▸ TASK TO CARRY OUT
For this exercise, reproduce only the lines from the one holding "Common Orchid Species" through the final line of the data below, exactly, and omit pictures.

Top of INPUT DATA

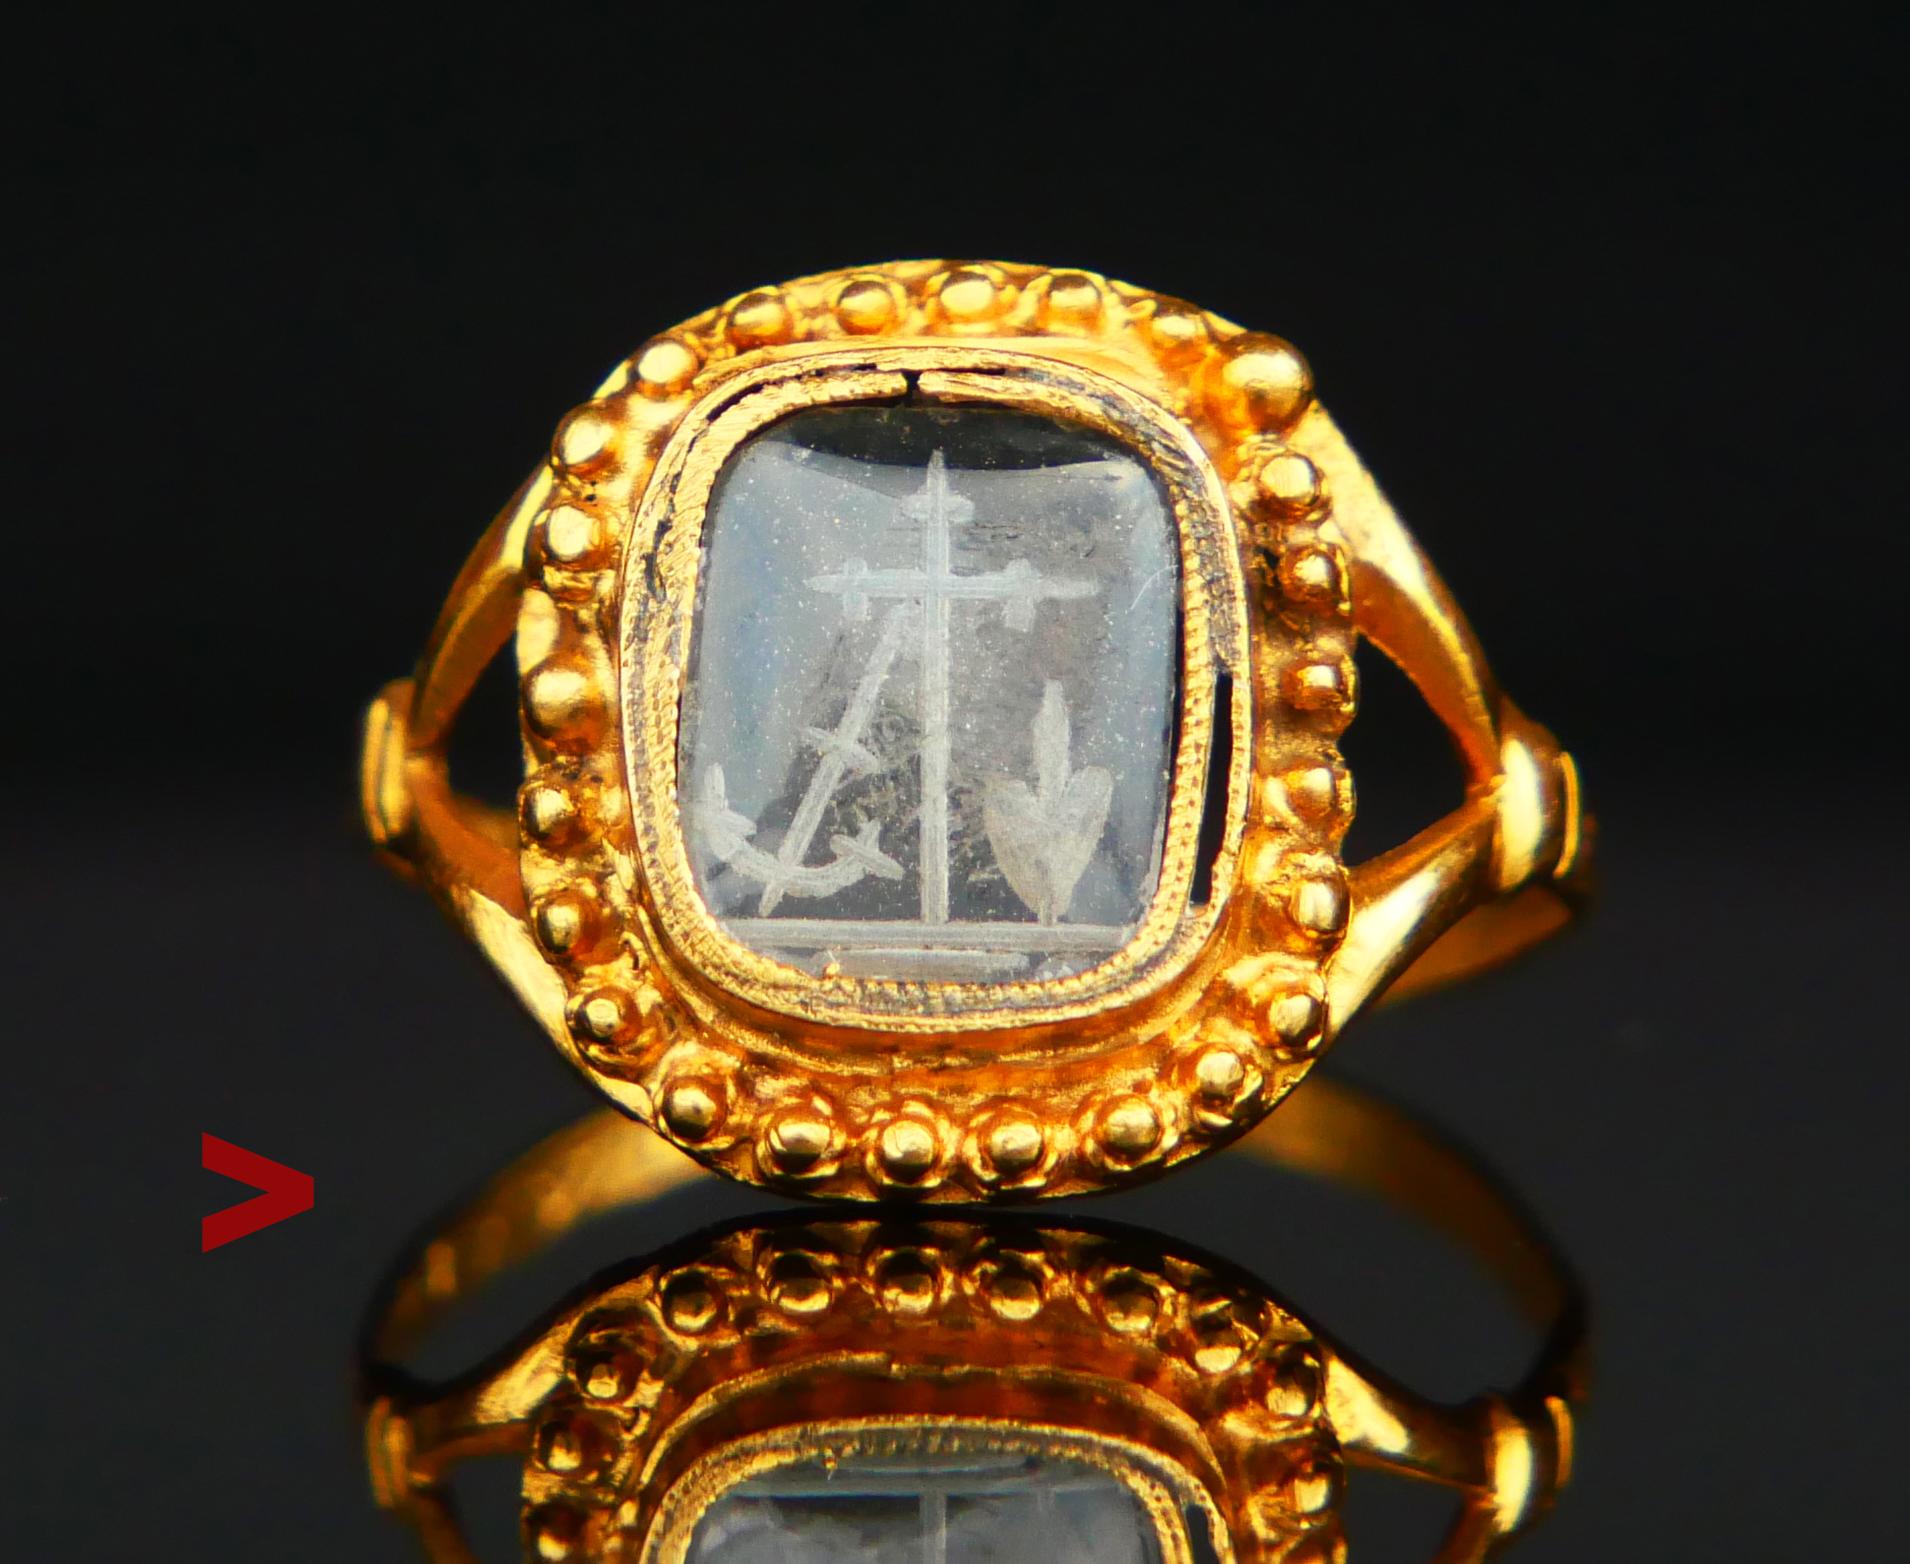 Great Signet Ring in solid 18K Yellow Gold with detailed hand - engraved intaglio with symbols of Faith Hope and Love on convex shaped paste Glass 8.3mm x 7.3mm x 1.5mm deep .Well done intaglio carving work with delicate and miniature details that
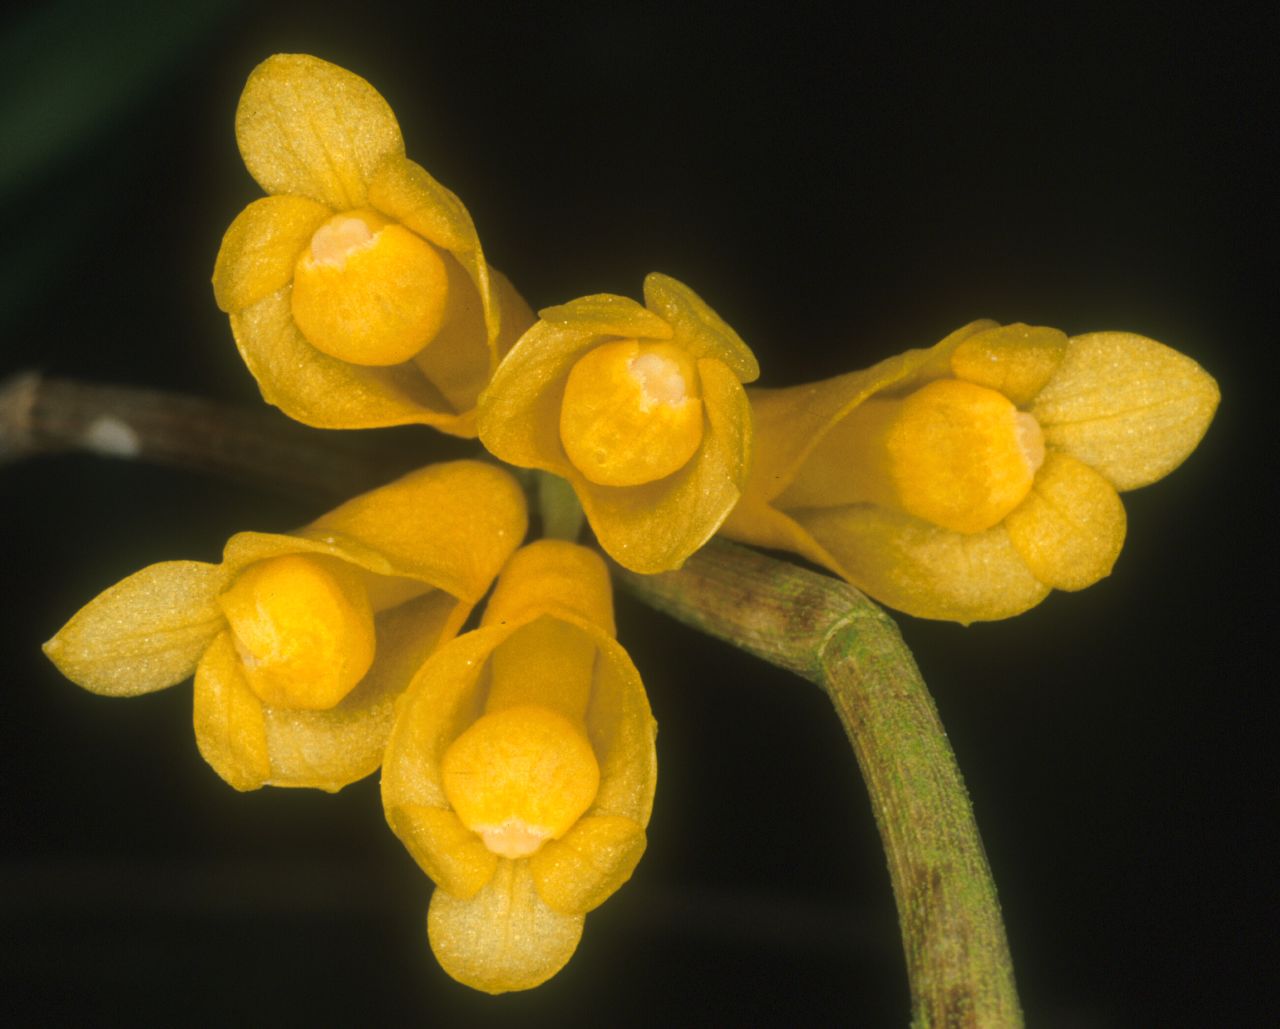 Common Orchid Species
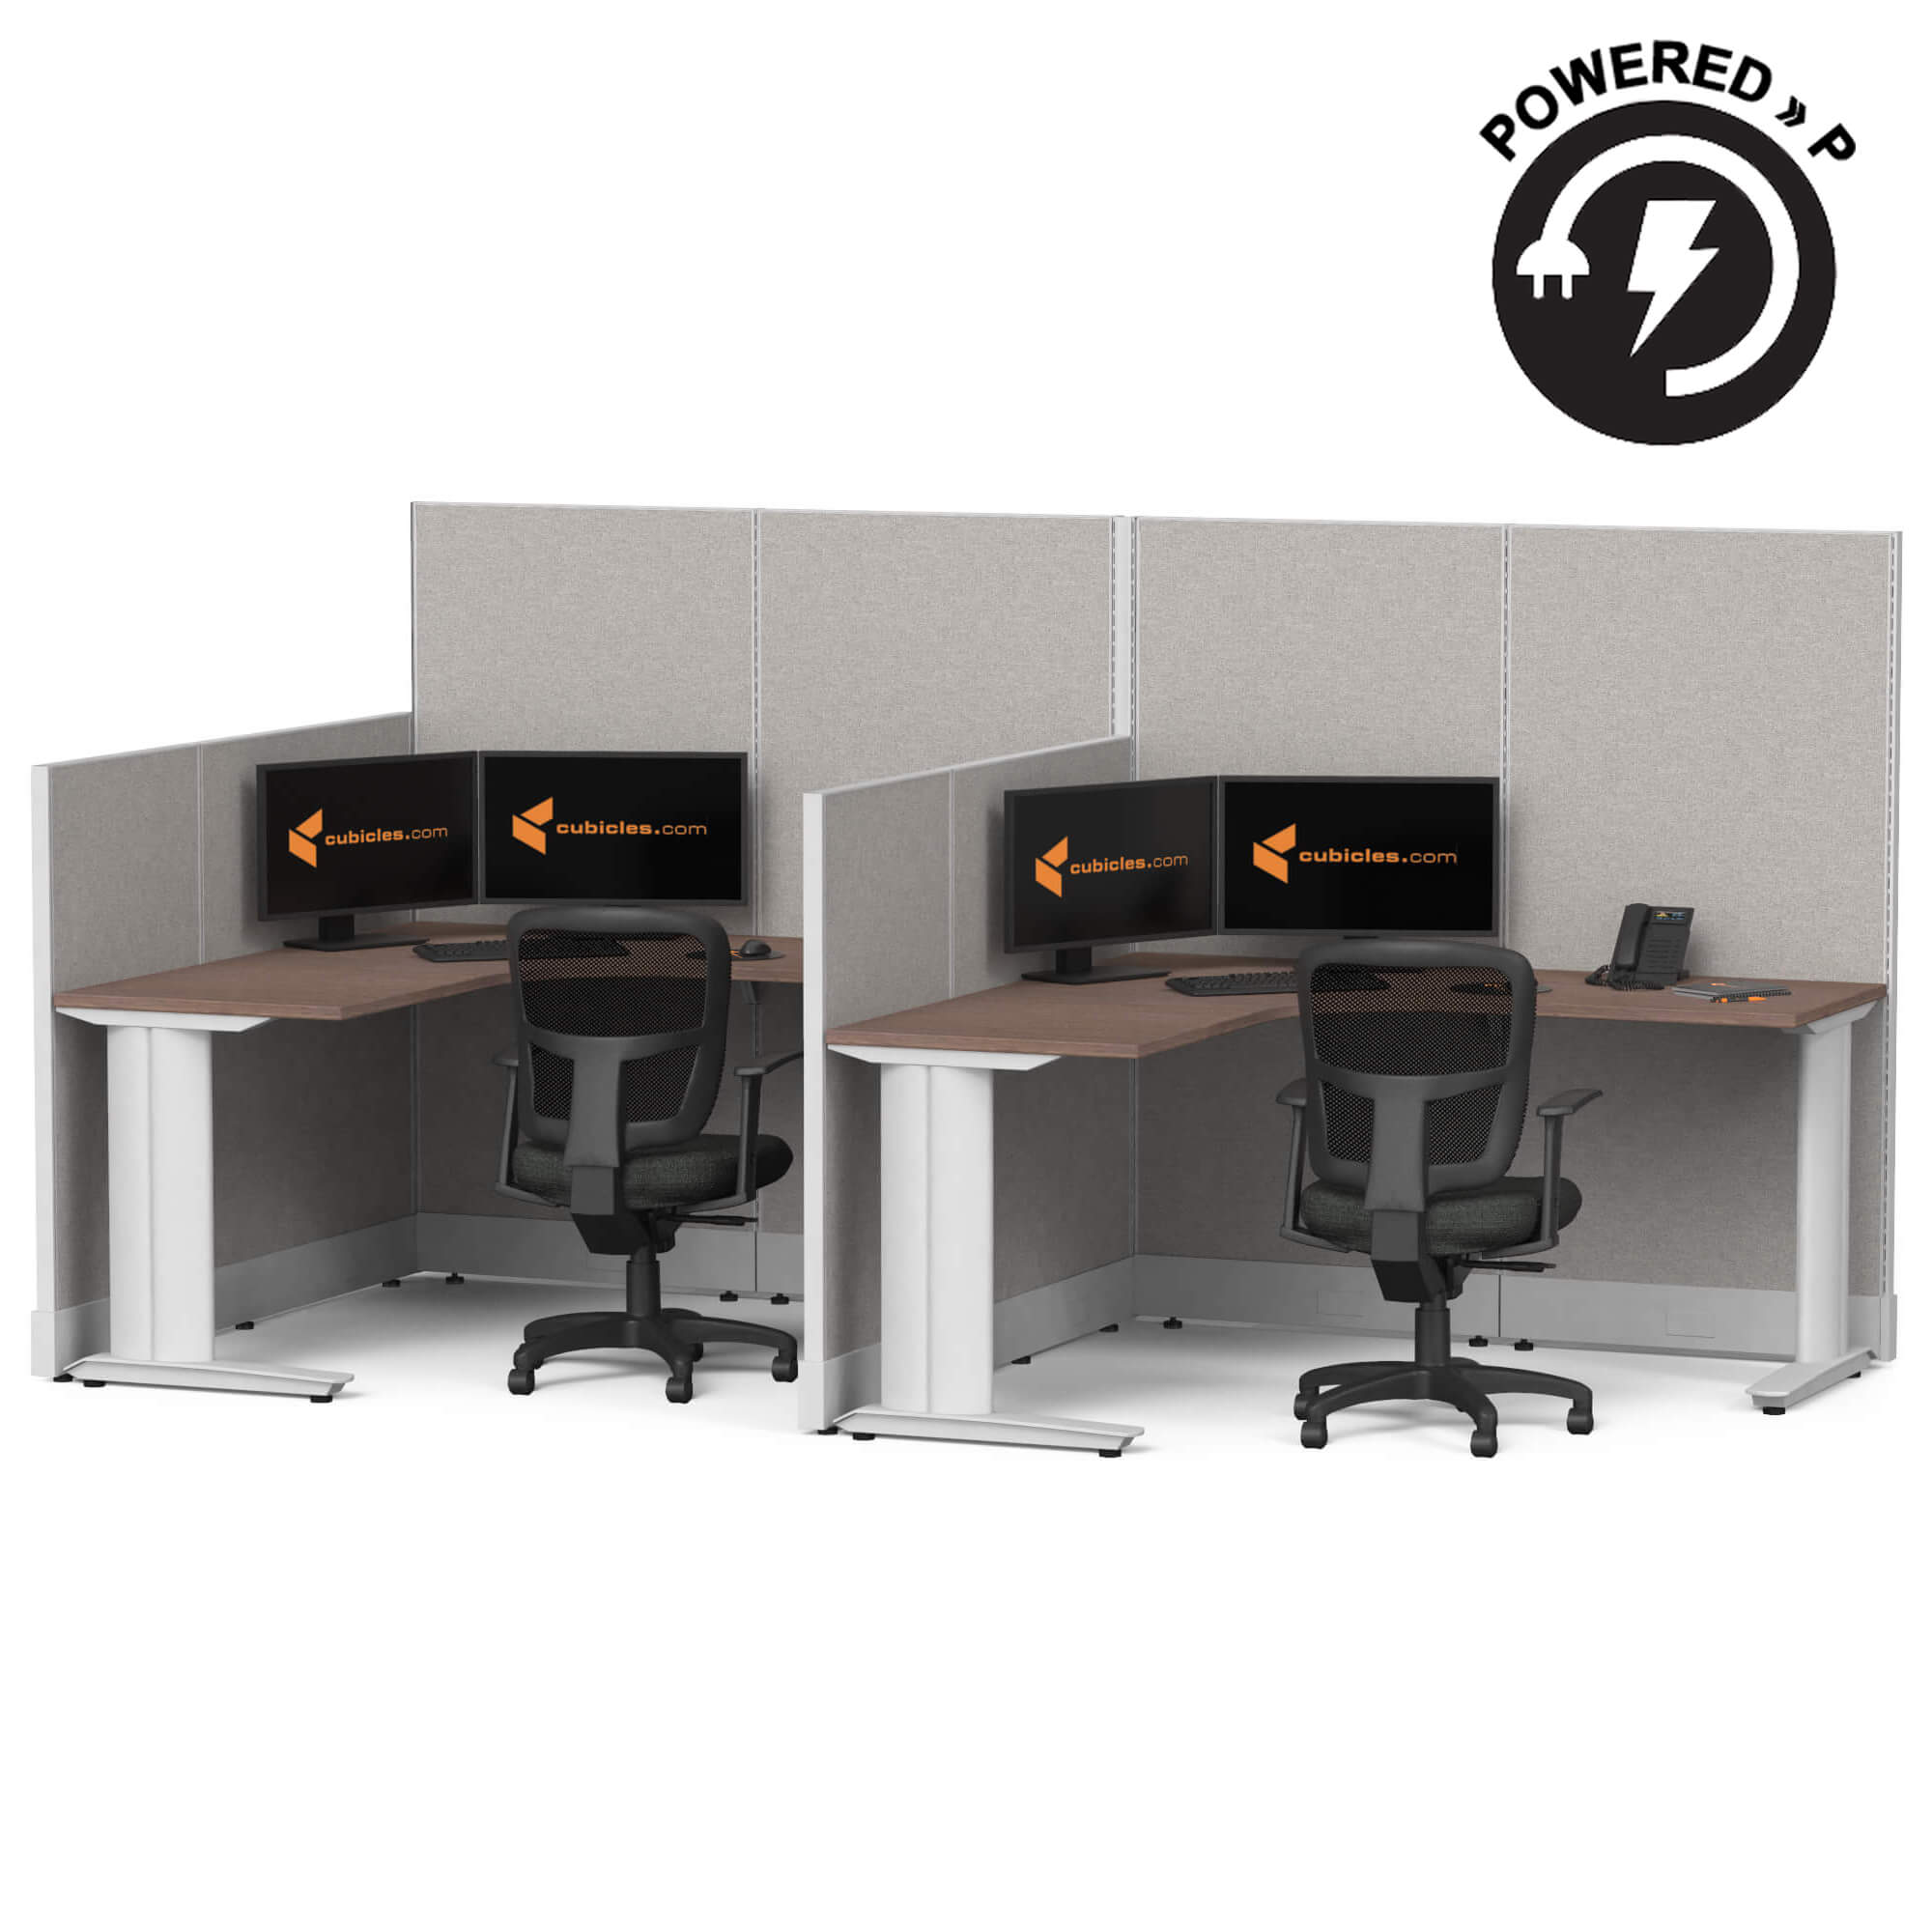 Cubicle desk l shaped 2pack powered

Bottom of INPUT DATA

▸ TASK OUTPUT
 Common Orchid Species
 Cubicle desk l shaped 2pack powered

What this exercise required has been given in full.